Aggregates silver Parquet into per-BI-project gold Parquet.

class GoldAggregator:
    def __init__(self, cfg: dict) -> None
    def aggregate(self) -> dict[str, list[str]]

Constructor parameters:

Name Type Description
cfg dict Merged project config. Reads paths.silver, paths.gold, and silver_to_gold.

aggregate()

Run all gold aggregations and return the paths written.

Returns: dict[str, list[str]]{project_name: ["/path/to/output.parquet", ...], ...}

For each aggregation block:

  1. Read source_file from paths.silver
  2. Optionally run pre_agg_udf — see Gold pre-agg UDF
  3. Apply group_by + metrics aggregation (or select for pass-through)
  4. Write result to paths.gold/<project_name>/<output_file>

Supported aggregation functions:

agg value Polars expression
count pl.len()
sum pl.col(c).sum()
mean pl.col(c).mean()
min pl.col(c).min()
max pl.col(c).max()

Grand-total aggregation — omit group_by (or pass an empty list) to aggregate all rows into a single row:

- source_file: orders.parquet
  group_by: []
  metrics:
    - {column: order_id, agg: count, alias: total_orders}
    - {column: amount,   agg: sum,   alias: grand_total}
  output_file: totals.parquet

Example:

cfg = load_project("sales_project")
agg = GoldAggregator(cfg)
results = agg.aggregate()
# results == {"analytics": ["./data/gold/analytics/customer_summary.parquet", ...]}

BIExporter

Copies gold Parquet files to the export directory and writes CSV versions for BI tools.

class BIExporter:
    def __init__(self, cfg: dict) -> None
    def export(self) -> None

Constructor parameters:

Name Type Description
cfg dict Merged project config.
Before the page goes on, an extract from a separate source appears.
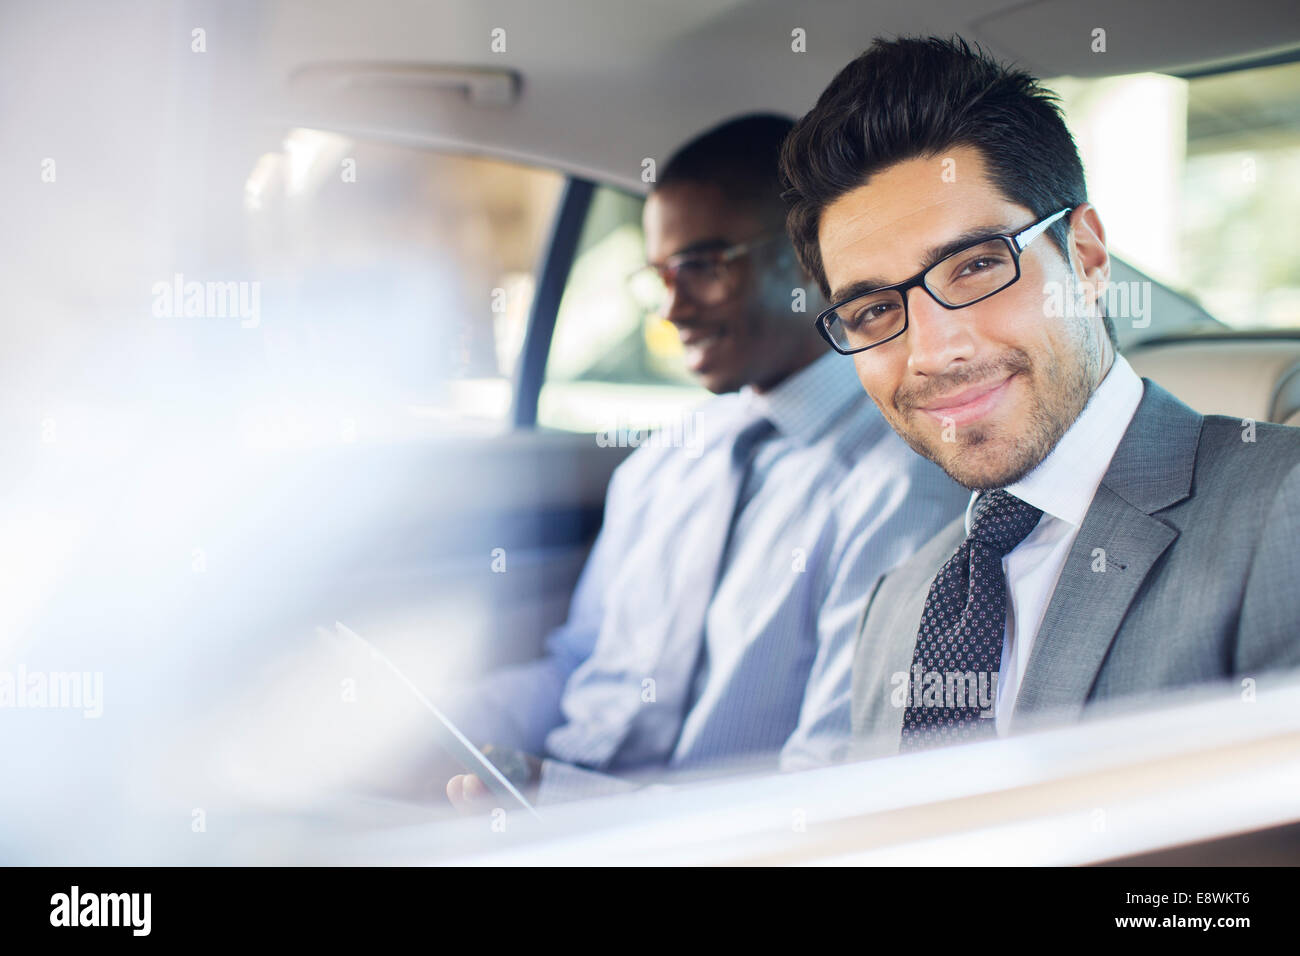 Businessman using digital tablet in car back seat Stock Photo

Reads paths.gold, paths.export, and bi_export.

export()

Copy all configured tables from gold to export, writing both .parquet and .csv versions.

Returns: None

Behaviour:

  • If bi_export.enabled is false, the method returns immediately without doing anything
  • For each table in each BI project: copies the Parquet and writes a CSV at the same path with .csv extension
  • Missing source files produce a warning and are skipped

Example:

cfg = load_project("sales_project")
exporter = BIExporter(cfg)
exporter.export()
# 📤  [export/default] parquet → ./data/export/default/summary.parquet
# 📄  [export/default] csv    → ./data/export/default/summary.csv

Hamilton Nodes

The Hamilton DAG nodes in pipeline/nodes.py wire the four classes together:

def config(cfg: dict) -> dict:
    """Pass the raw merged config dict into the DAG."""
    return cfg

def bronze(config: dict) -> dict[str, Path]:
    """Ingest source tables via dlt → raw Parquet in the bronze layer."""
    return BronzeLoader(config).load()

def silver(config: dict, bronze: dict[str, Path]) -> dict[str, Path]:
    """Apply structural transforms and UDFs → silver Parquet."""
    return SilverTransformer(config).transform()
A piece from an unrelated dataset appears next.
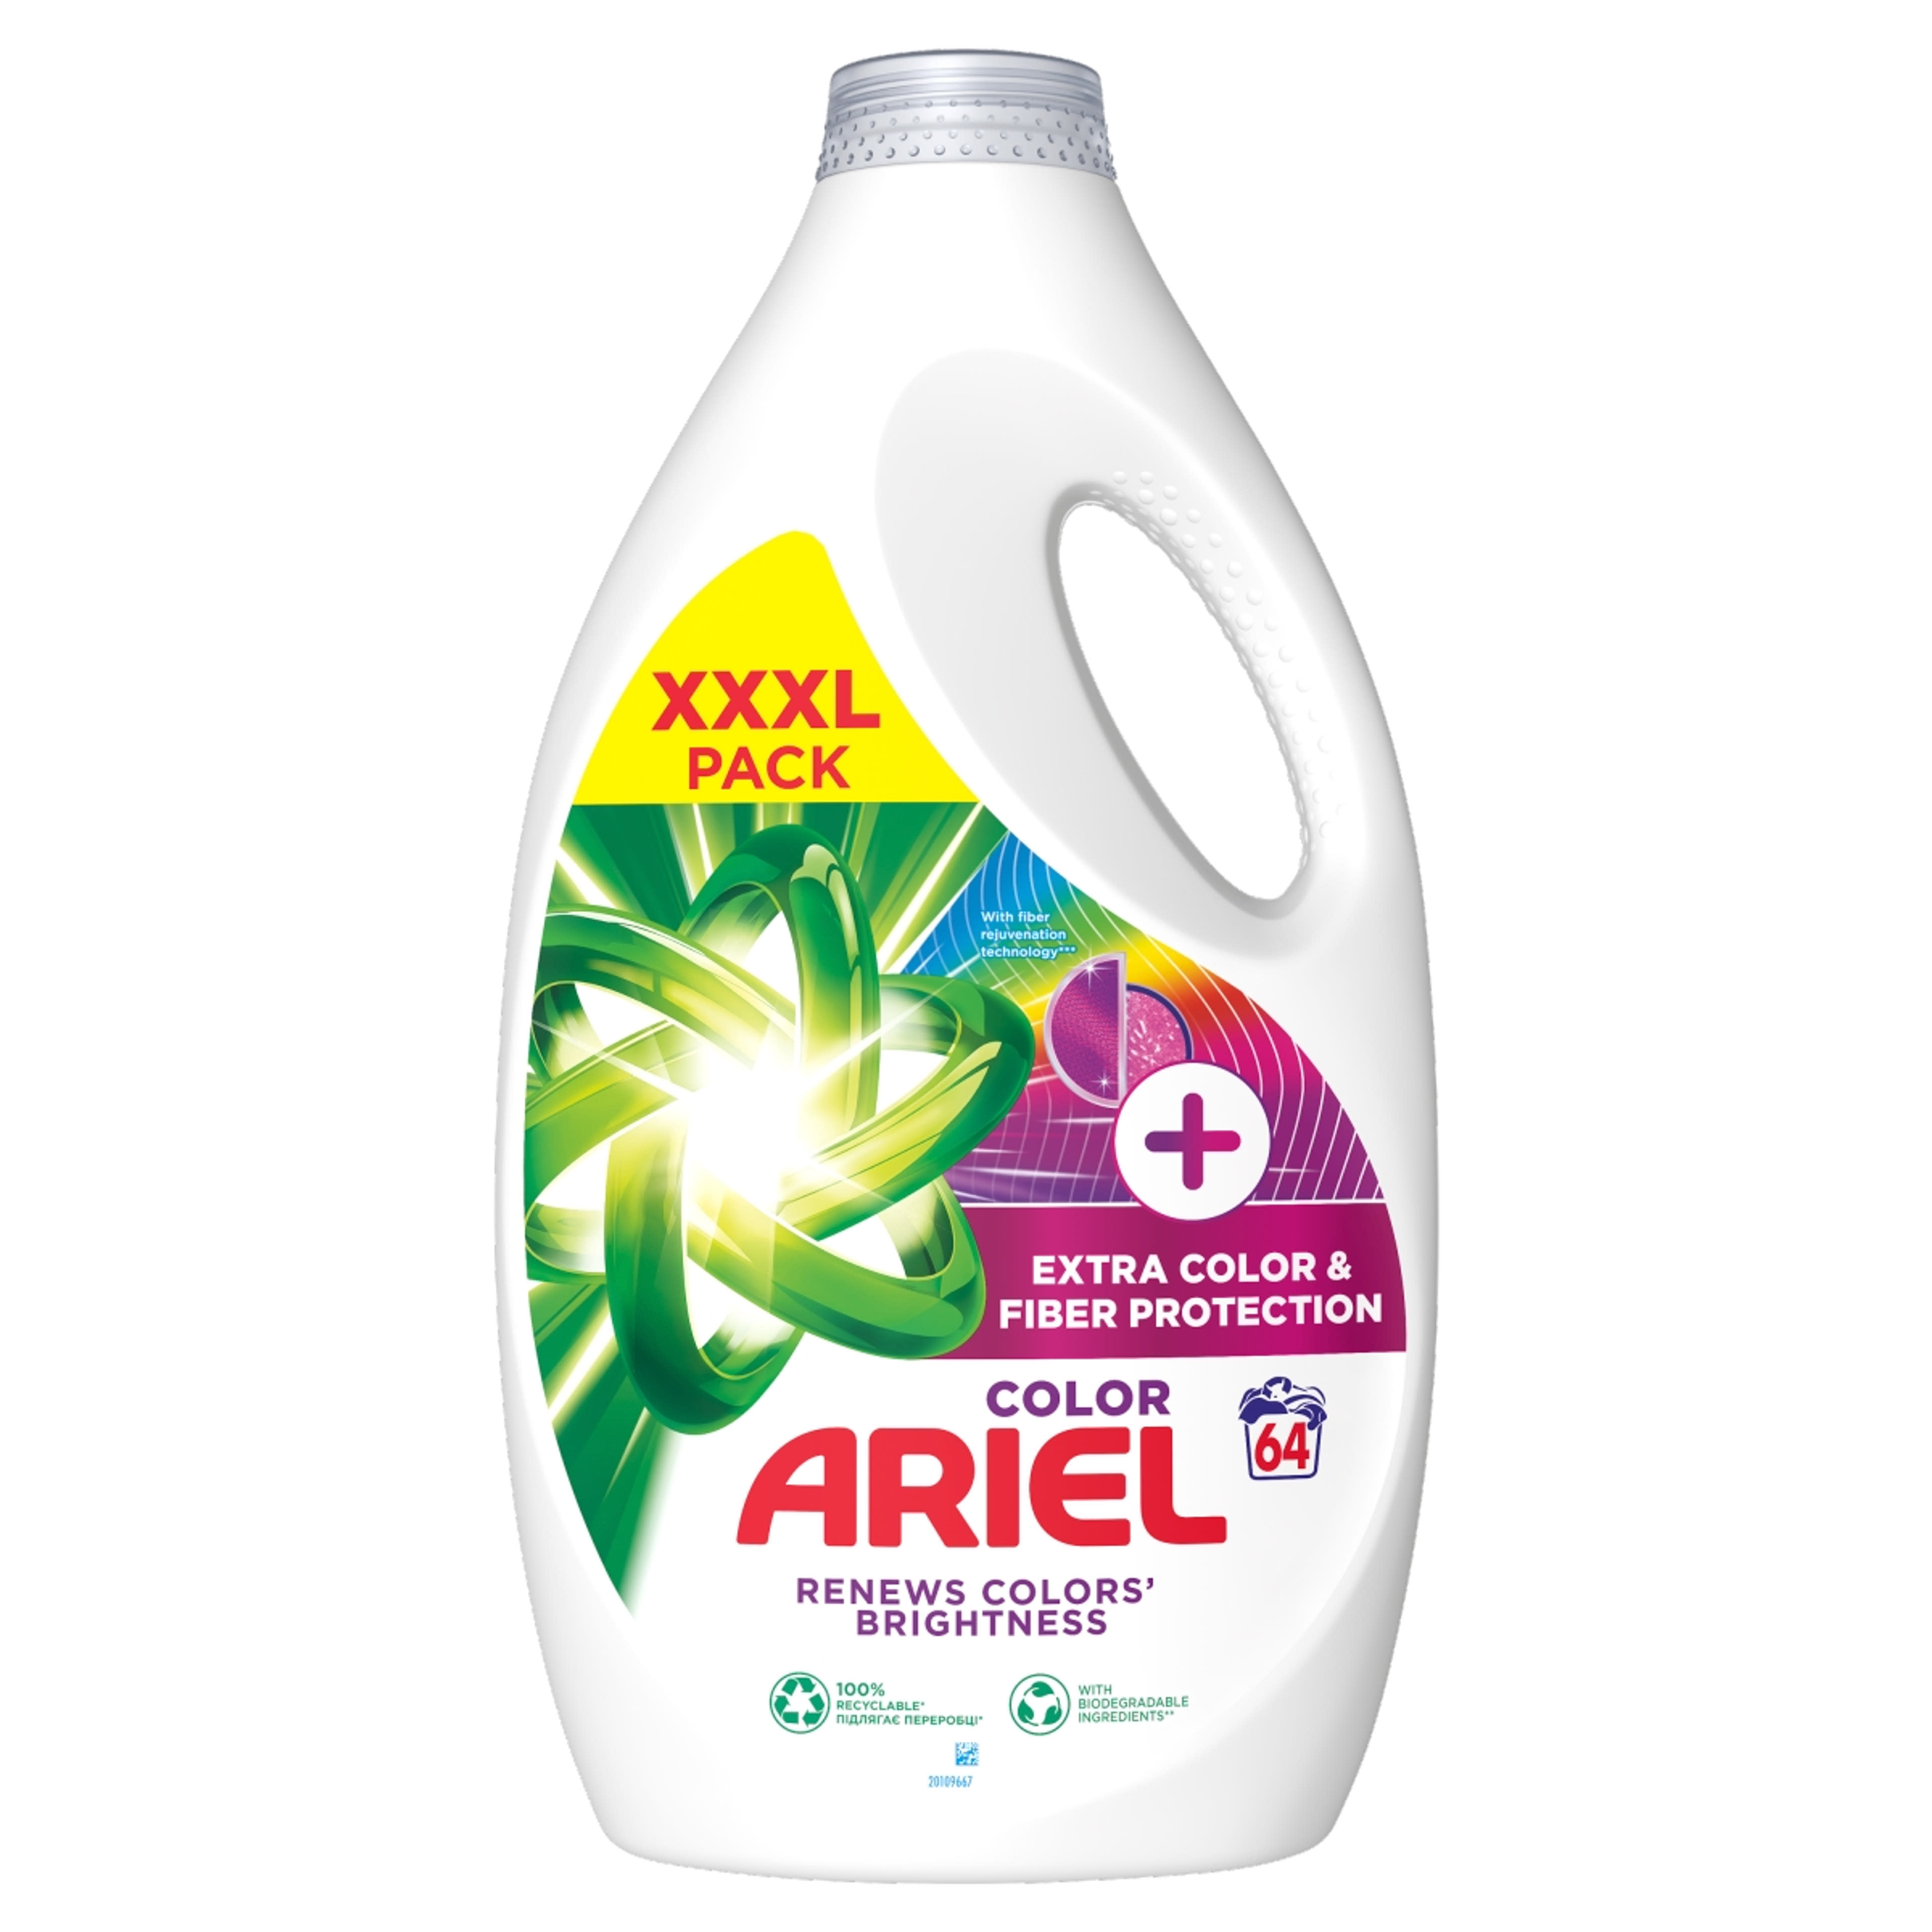 Ariel Complete Fiber Protection folyékony mosószer, 64 mosáshoz - 3200 ml-1

def gold(config: dict, silver: dict[str, Path]) -> dict[str, list[Path]]:
    """Aggregate silver tables → per-BI-project gold Parquet."""
    return GoldAggregator(config).aggregate()

def bi_export(config: dict, gold: dict[str, list[Path]]) -> None:
    """Copy gold Parquet to the export directory; write CSV fallbacks."""
    BIExporter(config).export()

Hamilton infers execution order from argument names — silver(config, bronze) automatically depends on both the config and bronze nodes.